• Tue, Dec 18 2012

Top Lawyer Says Likability Is A Key To Success

1218 likableWomen now make up a third of the lawyers in America, according to a recent Wall Street Journal article documenting what it called “a major shift from a generation ago.” But according to the National Association of Women Lawyers, only 25% of law firm non-equity partners are women, and women make up just 15% of equity partners. Can women in law close the gap by being more likable?

Forbes contributor Bonnie Marcus recently interviewed lawyer Timi Hallem, a partner at the firm Manatt Phelps and Phillips and a woman who has a long history of tackling these issues. (You can listen to a podcast of their full interview here.) Hallem has some smart advice.

1. Self-promote. “Men might never think on their own to promote a woman, but they have a hard time ignoring the woman when they’re directly asked for an opportunity,” Hallem says.

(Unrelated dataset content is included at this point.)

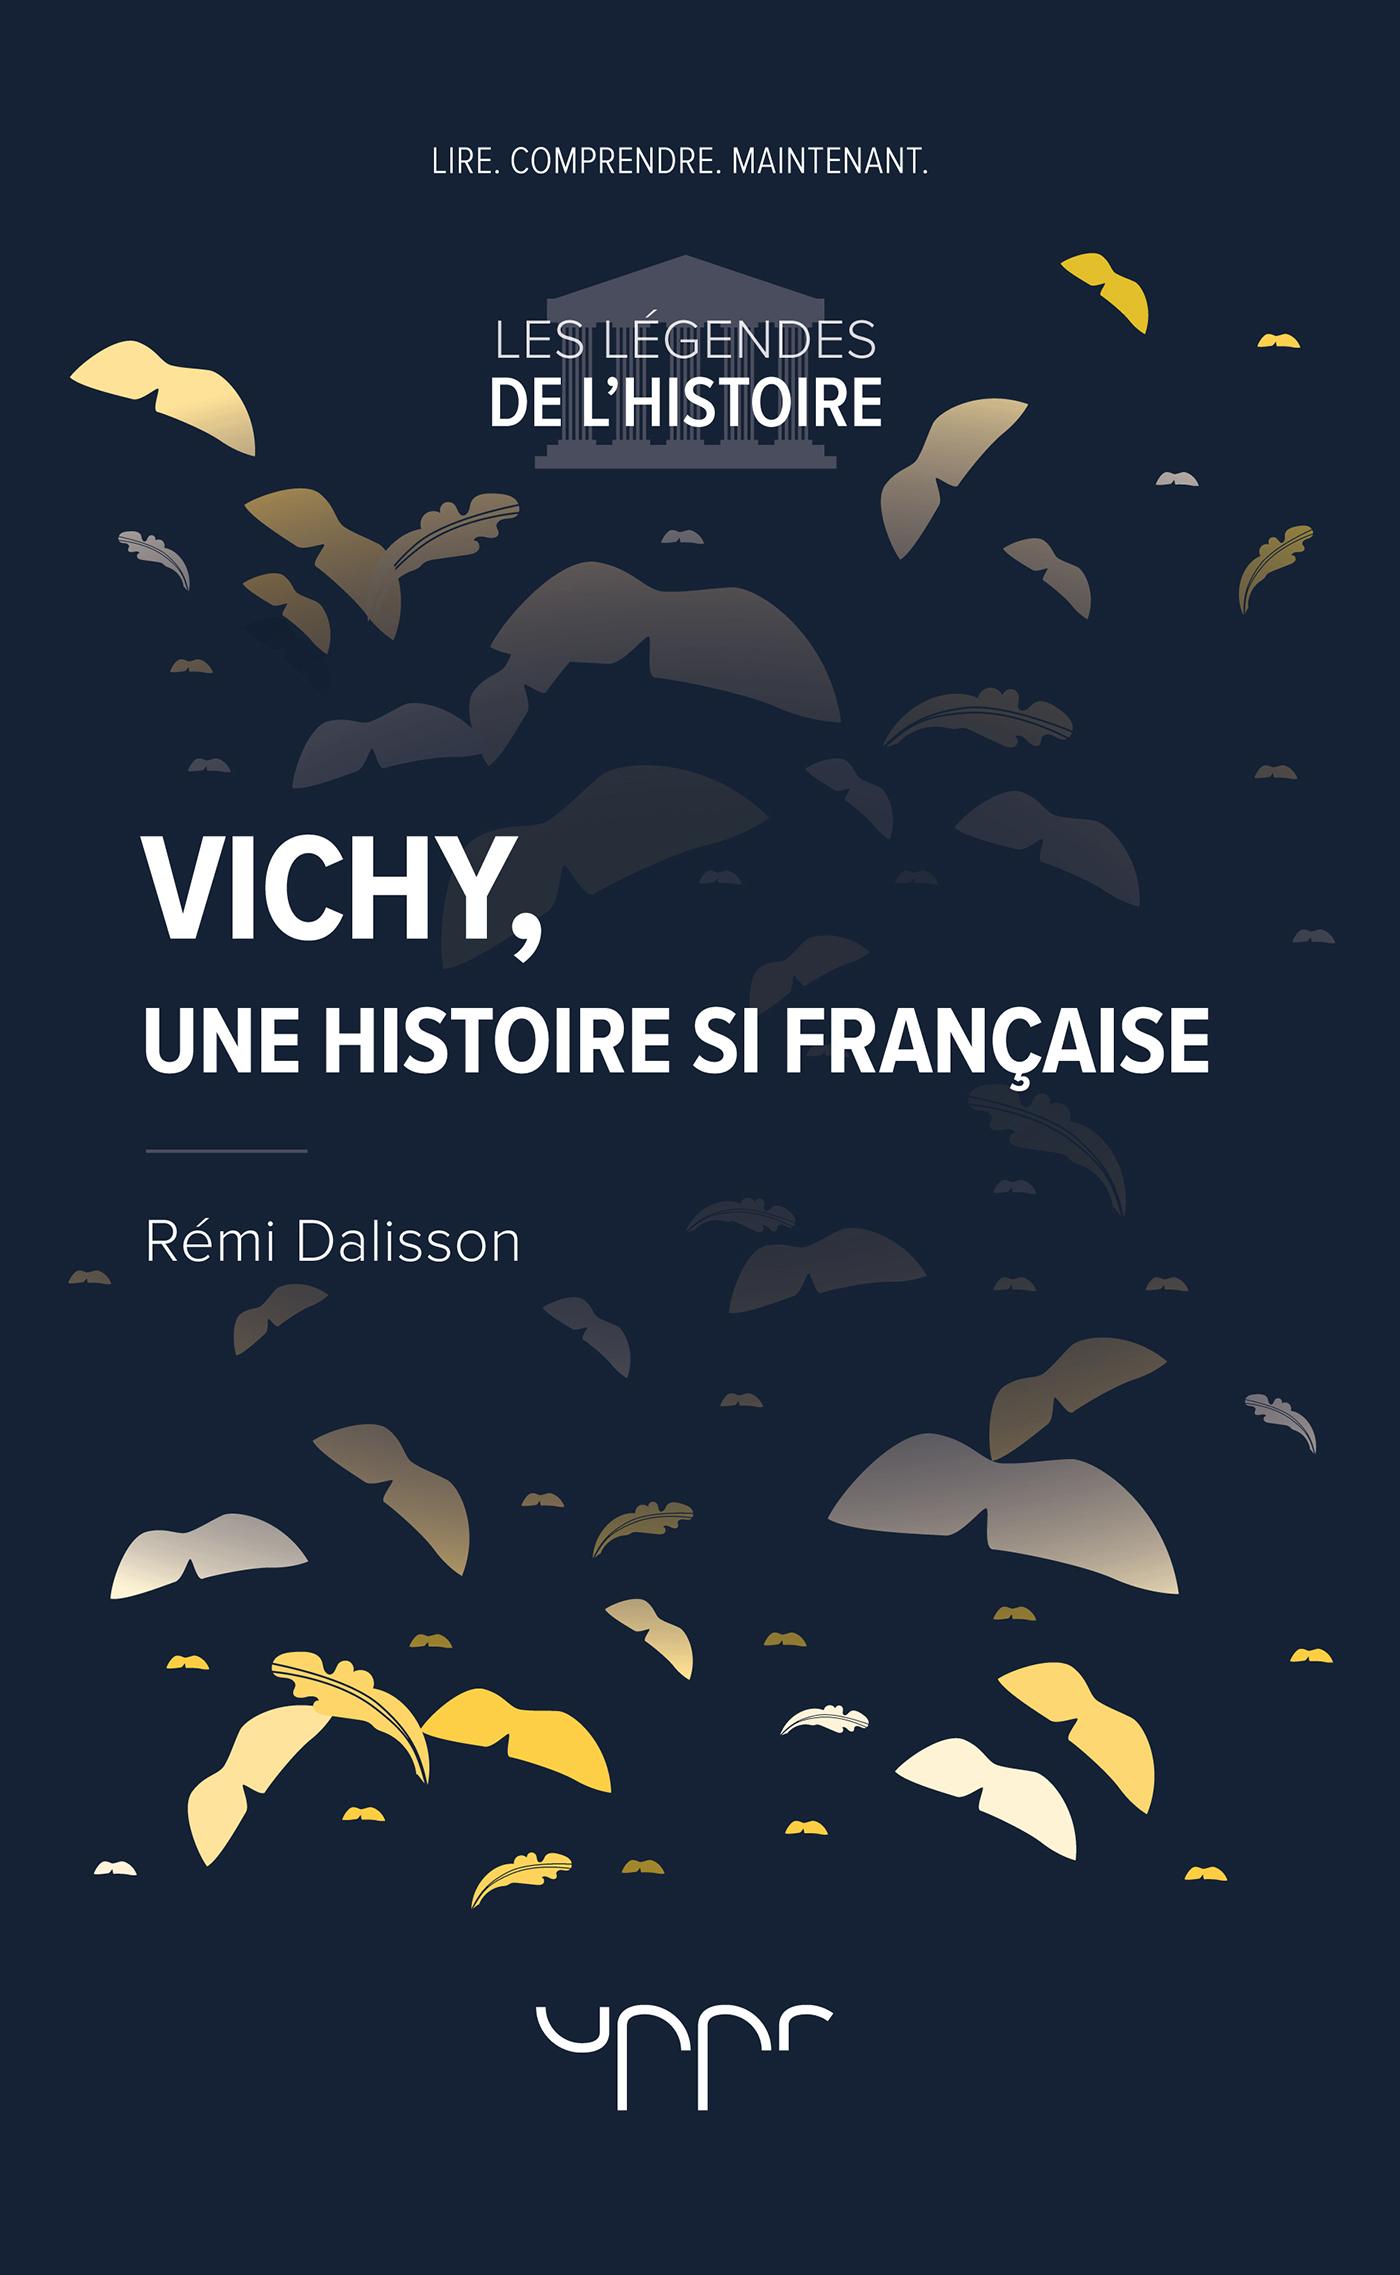 VICHY, UNE HISTOIRE SI FRANCAISE

2. Beware underground sexism. Hallem describes underground sexism as “describing a young male lawyer as hard-driving and a young female lawyer as strident or too aggressive, and seeing the man as being thoughtful and the woman as being too passive to be successful, or criticizing women for not being collegial because women are not comfortable with some of the kind of frat-boy humor that sometimes gets passed around.”

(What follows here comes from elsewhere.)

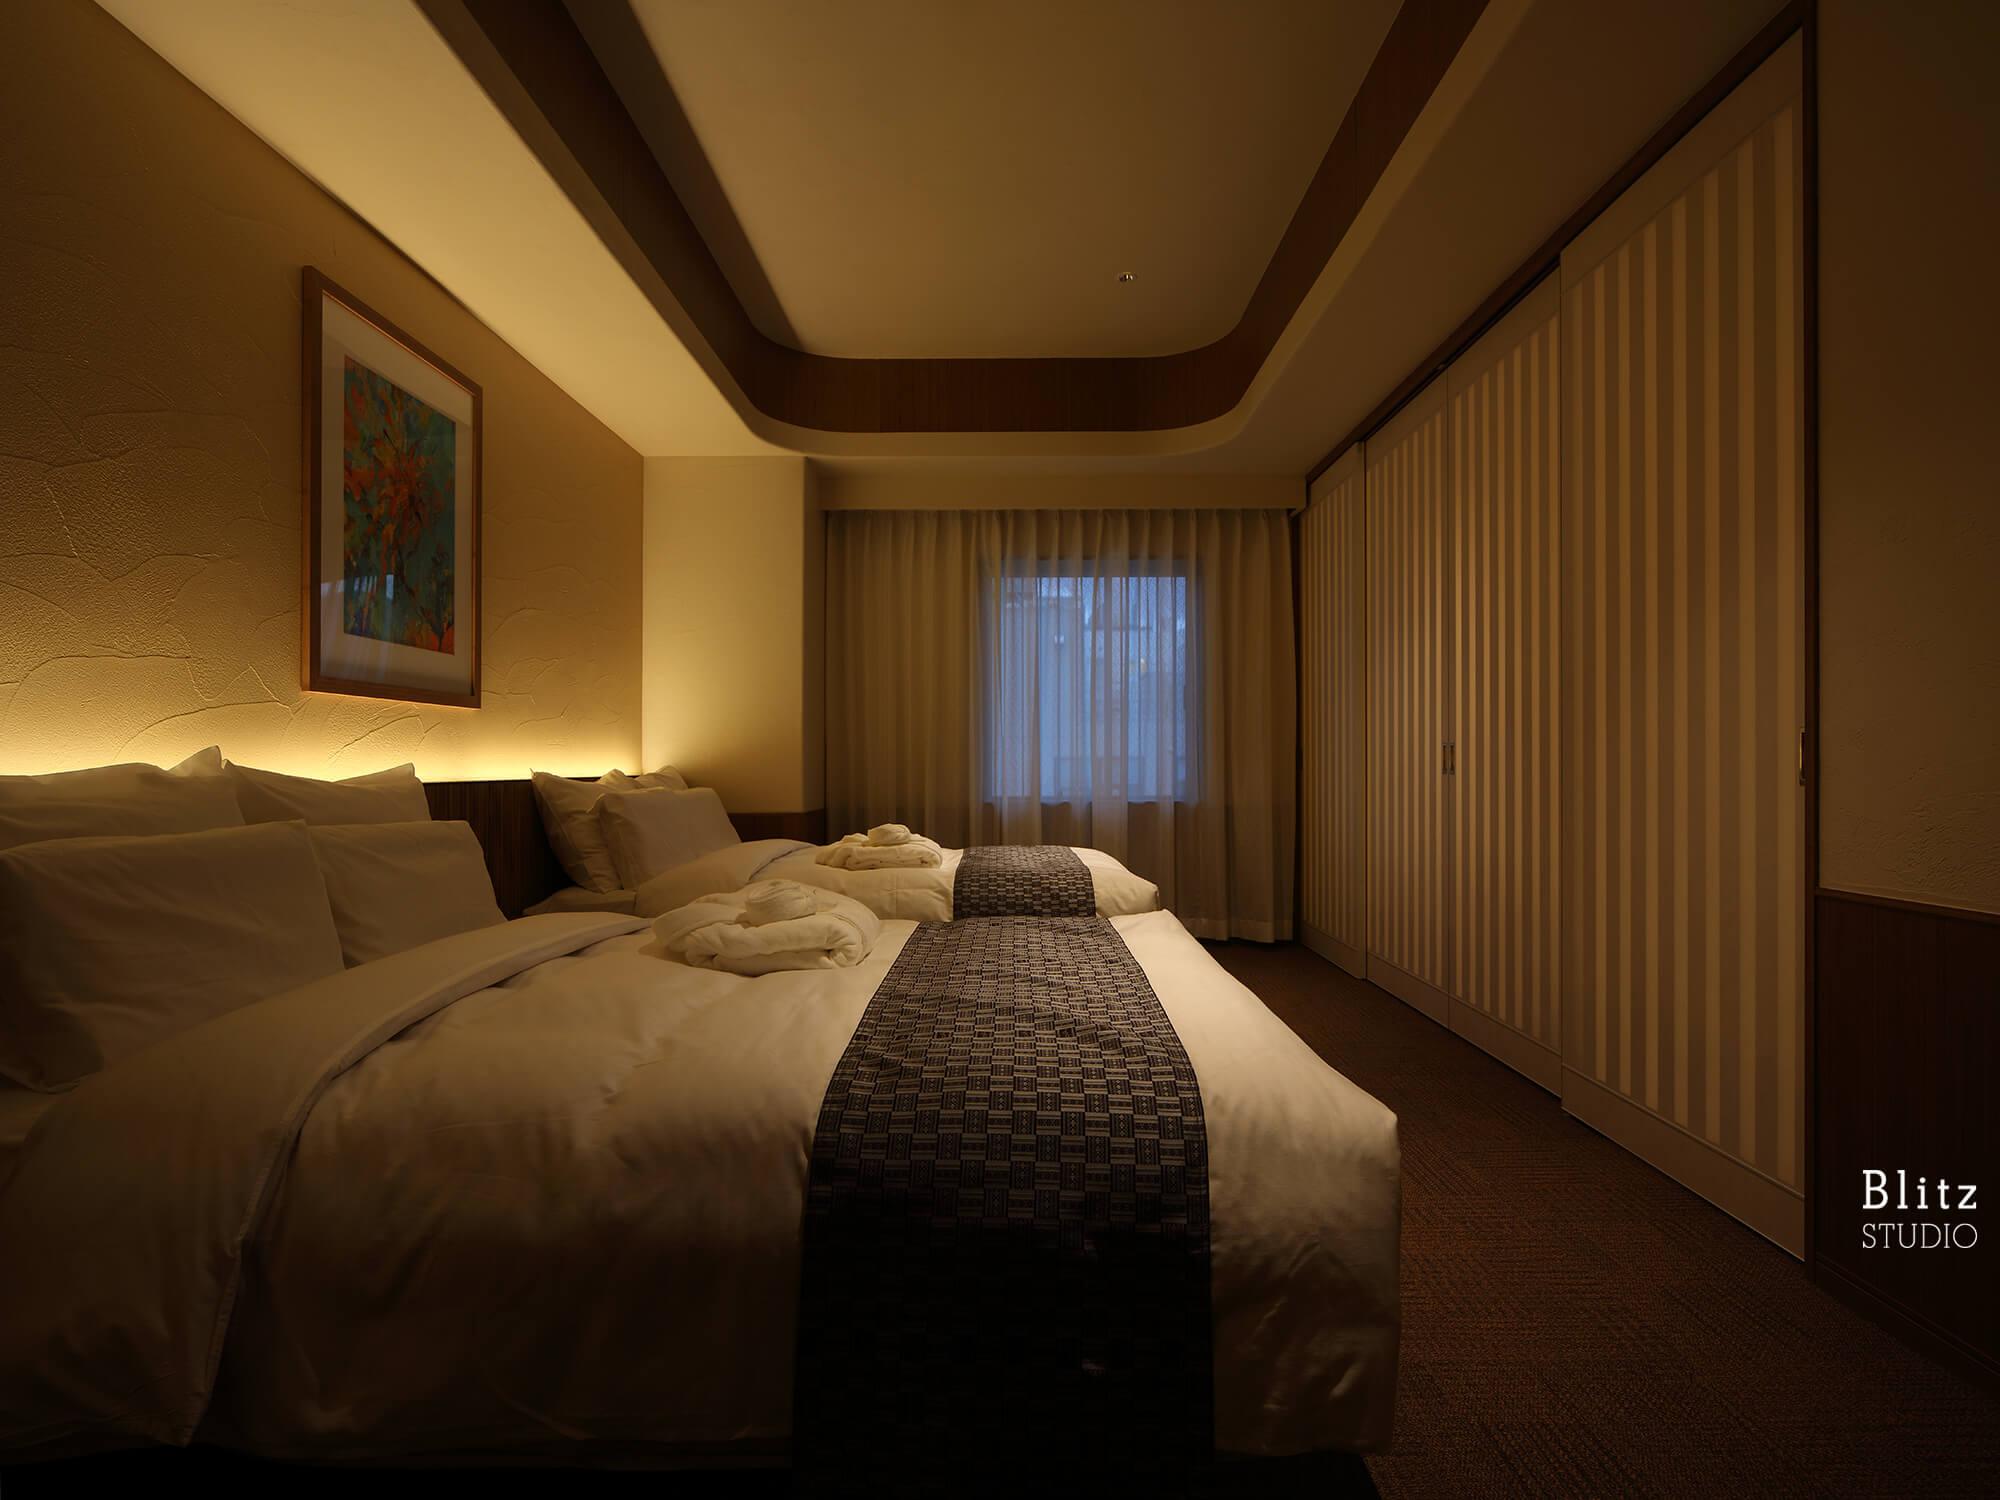 『HOTEL GREAT MORNING』建築写真・竣工写真・インテリア写真18

Finally, a piece of advice that may sound counter-intuitive at first:

3. Be likable. Hallem says that the ability to sell yourself is a major part of success in law, especially for those in private practice who depend on attracting and retaining clients. Law schools don’t offer classes in likability, but it’s a key trait to develop. “Most people pick lawyers because they like them,” she says. “They are not necessarily looking at the quality of the contract or brief. They must, however, have confidence in their abilities. Therefore, it’s up to lawyers, especially women, to present themselves as competent and confident and learn to advocate for themselves.”

What We're Reading:
Share This Post:
  • Person

    “Likable” is too vague. And, as this advice mentions early on, employers and coworkers don’t see an assertive, competent female as likable, no matter how you spin your accomplishments and personality. We’re caught in a catch-22: be competent and assertive and everyone hates you, or smile and put on an acquiescent personality and everyone loves you but thinks of you as nothing more than a stupid secretary.